**Instructions to follow:**
Give back, unaltered, the lines from the one with "0620〃 BEWBHSDF 2" to the end of the material, omitting pictures.
-- Data segment follows --
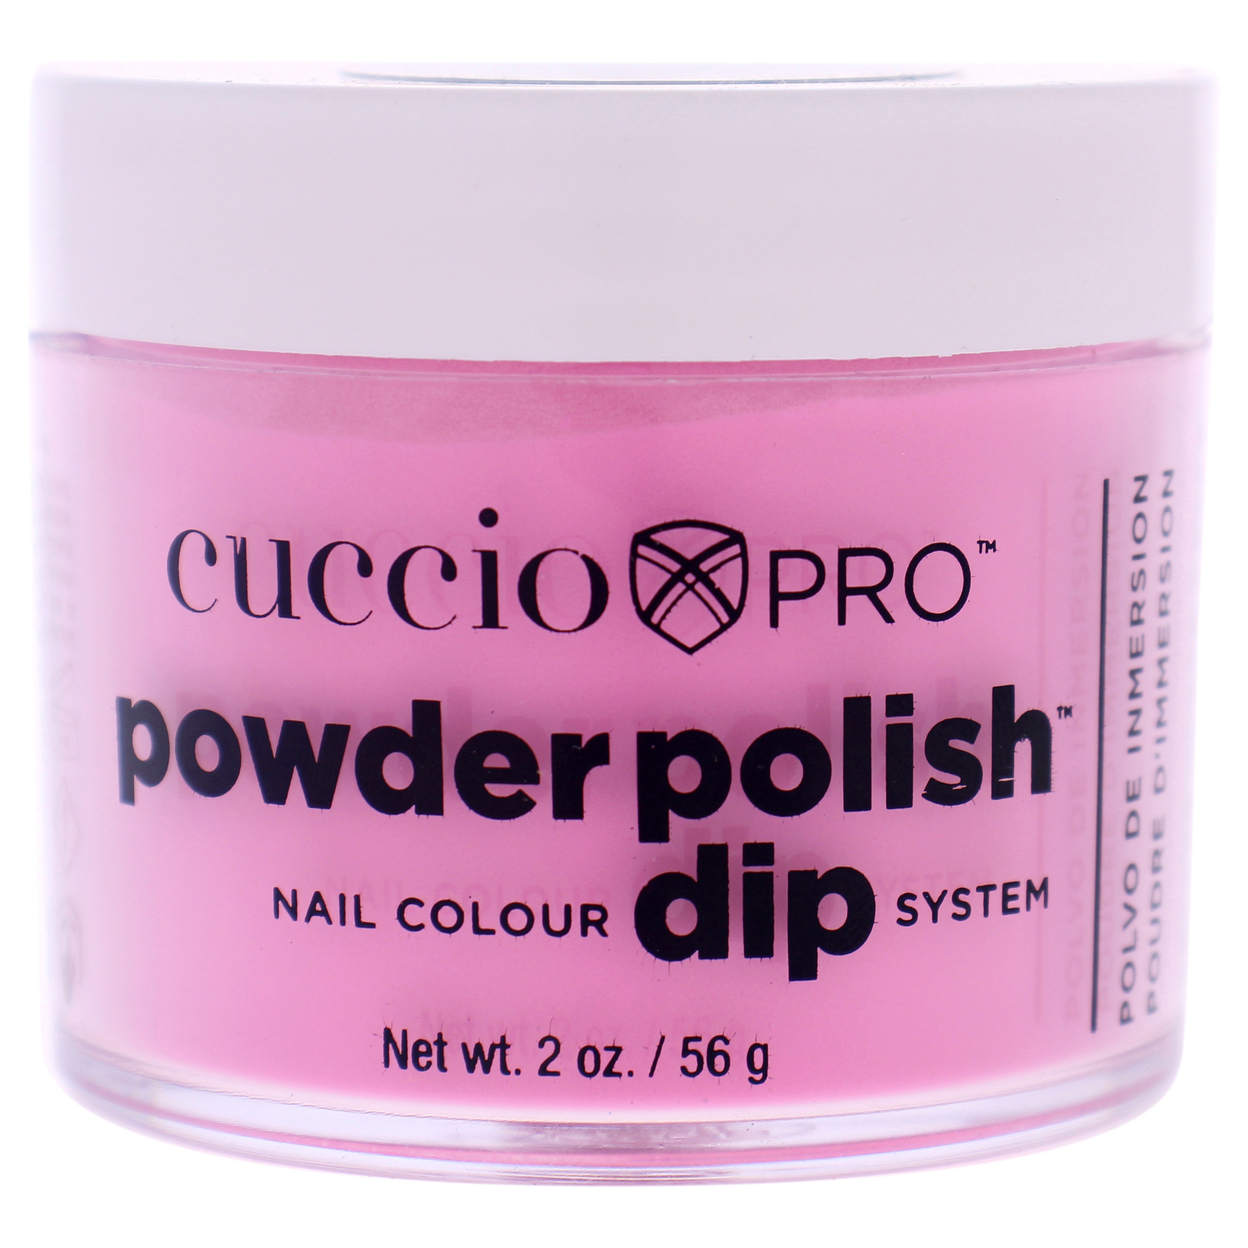 Cuccio Colour Pro Powder Polish Nail Colour Dip System - Bright Neon Pink Nail Powder 1.6 Oz
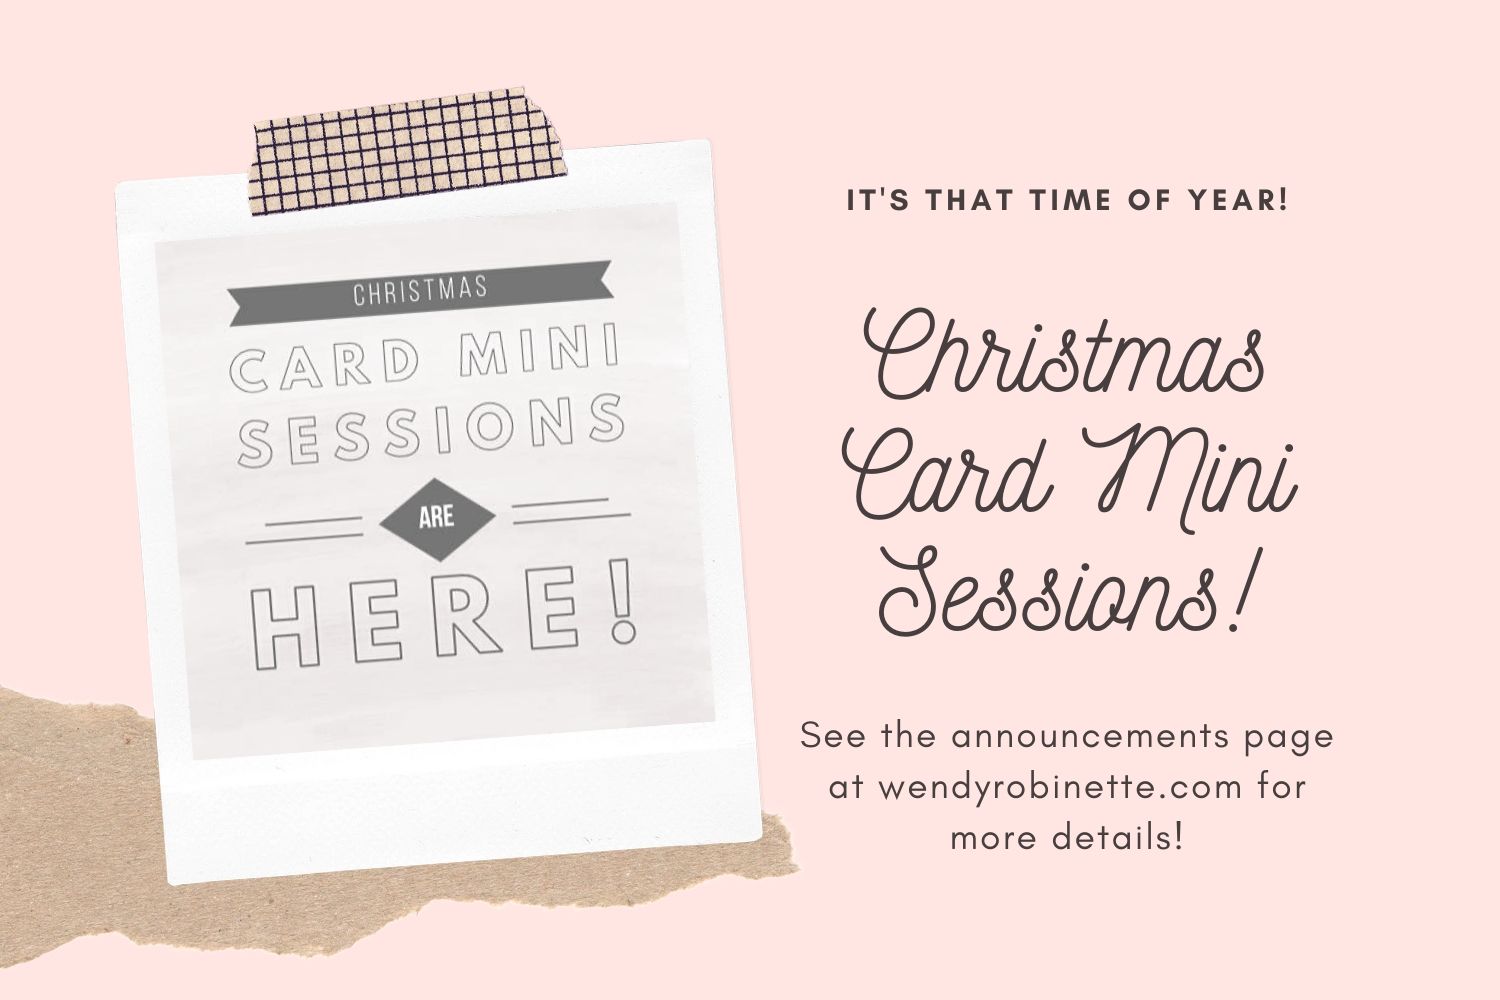 Christmas Card Mini Sessions in Natchitoches, La and Coushatta, La.
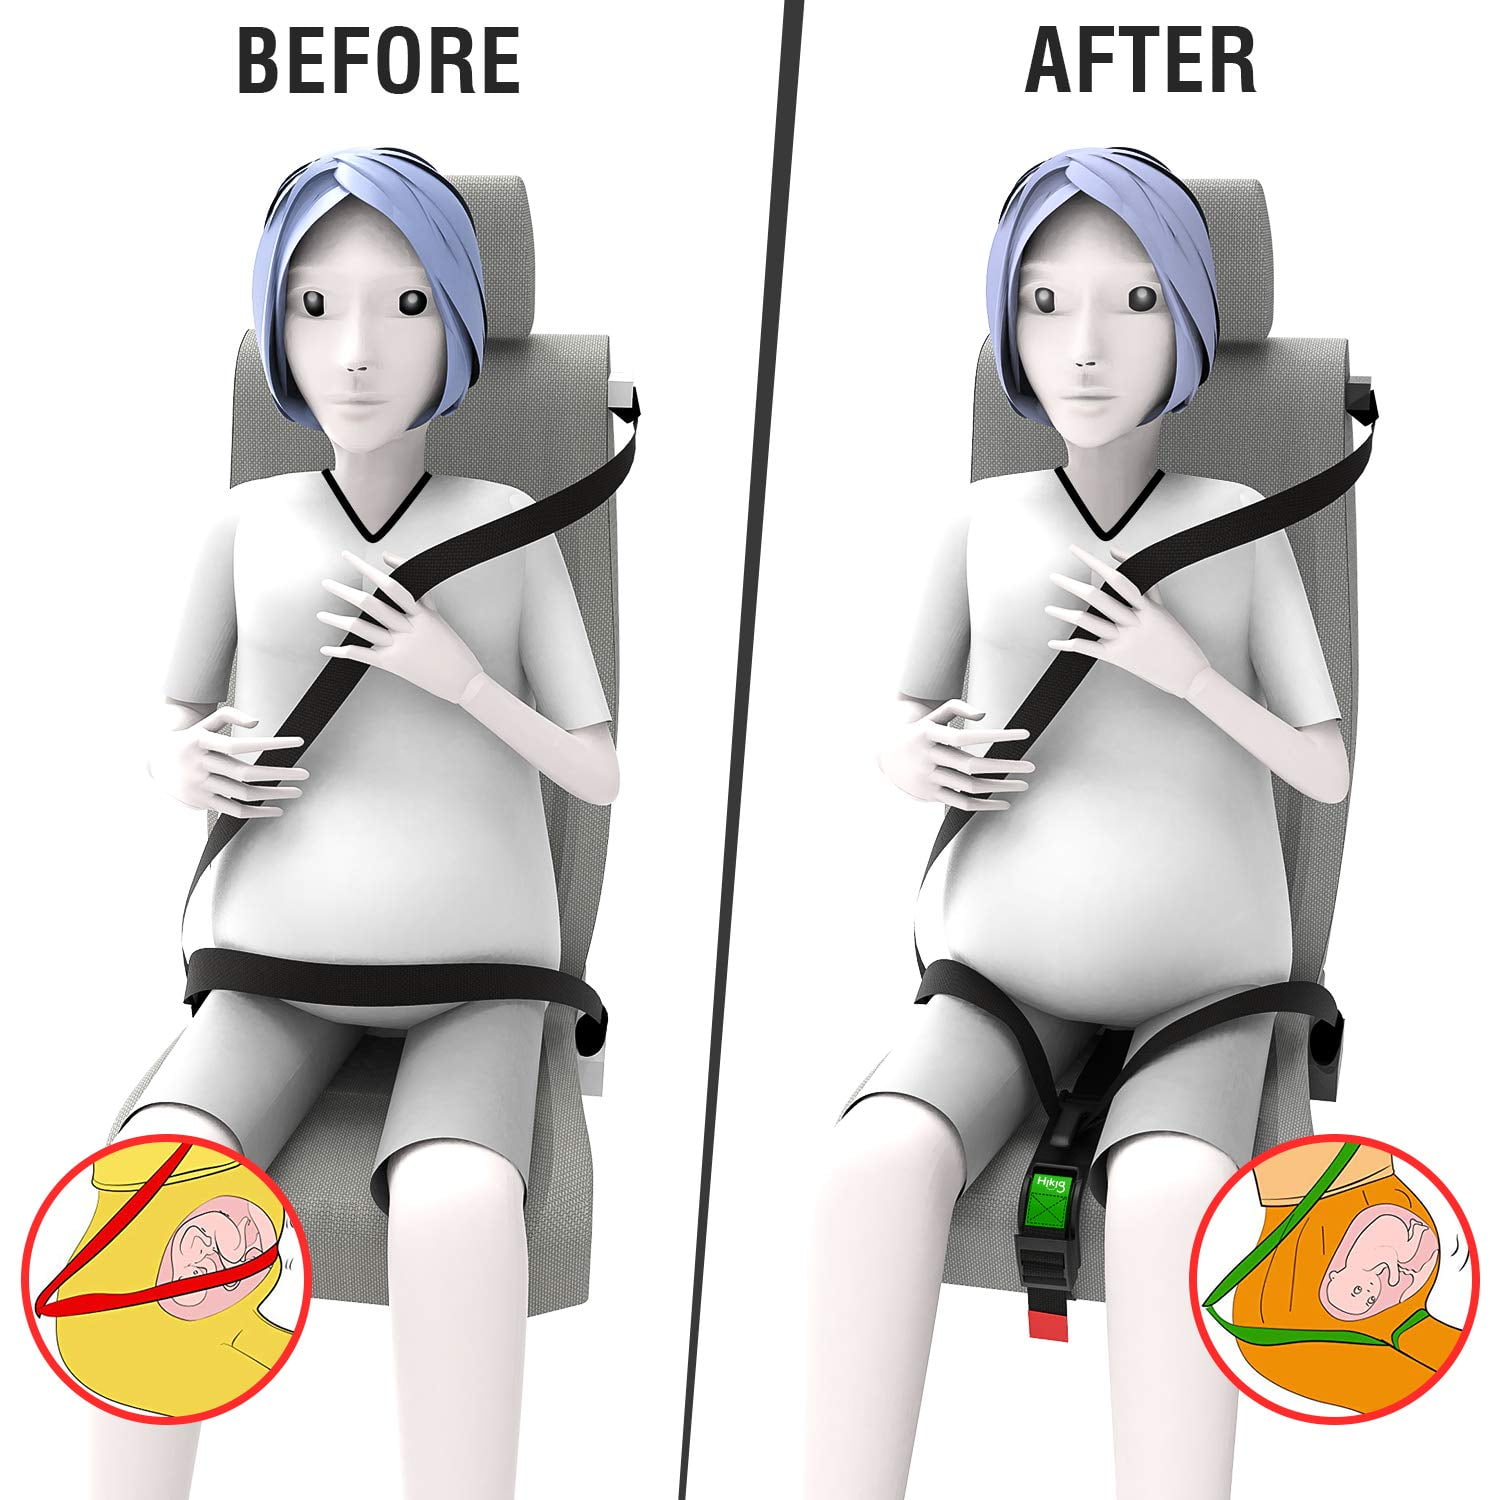 0620〃 BEWBHSDF 2 Pack丨Seat Belt丨Extender Extension丨Easy Installation丨Suitable for Elderly Pregnant Women丨25CM
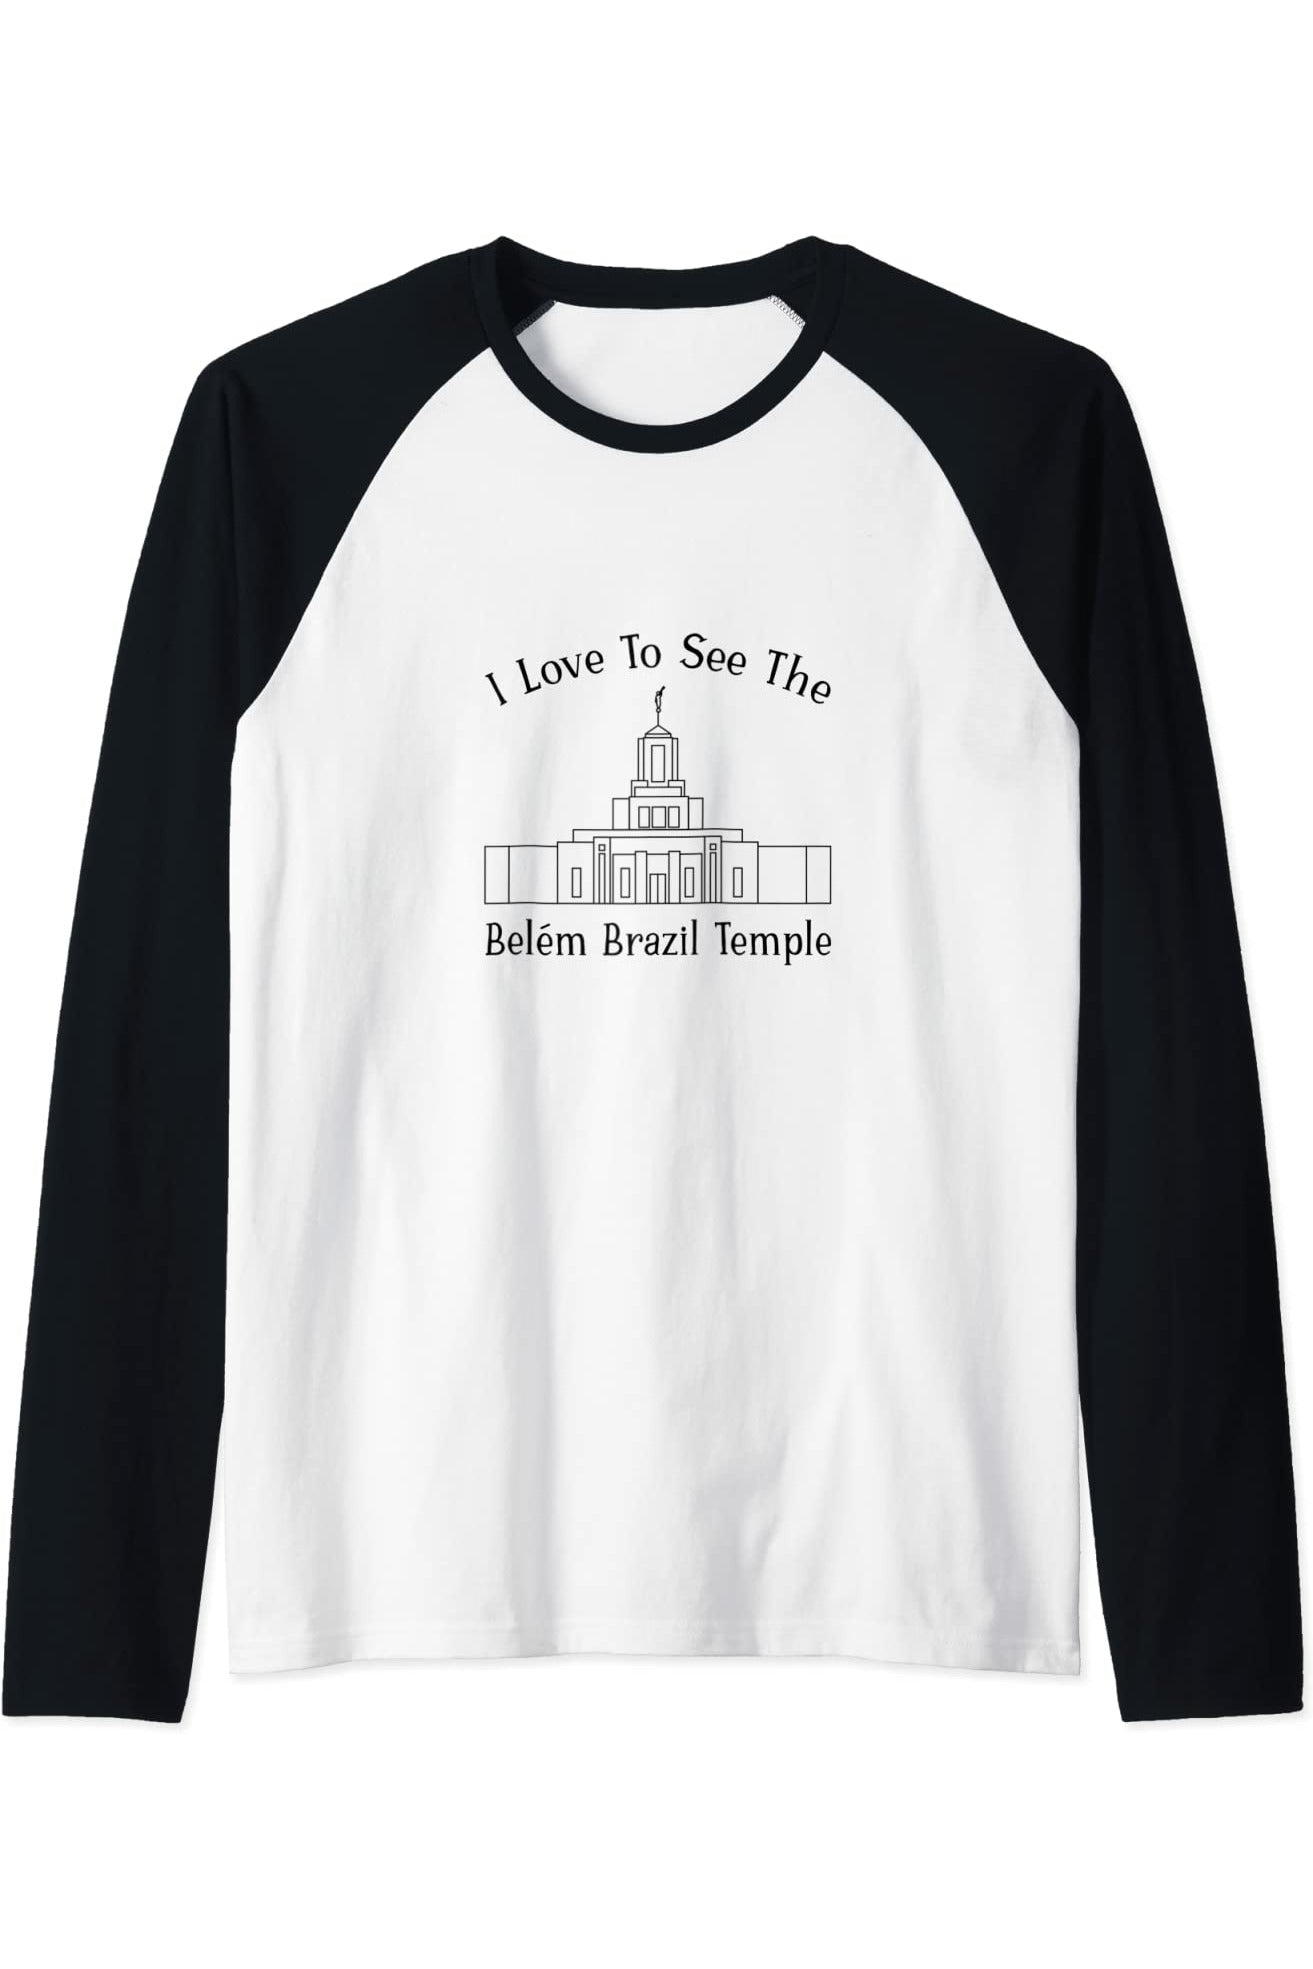 Belem Brazil Temple Raglan - Happy Style (English) US
-- Data segment concluded --
**Reply to the task:**
 0620〃 BEWBHSDF 2 Pack丨Seat Belt丨Extender Extension丨Easy Installation丨Suitable for Elderly Pregnant Women丨25CM
 Belem Brazil Temple Raglan - Happy Style (English) US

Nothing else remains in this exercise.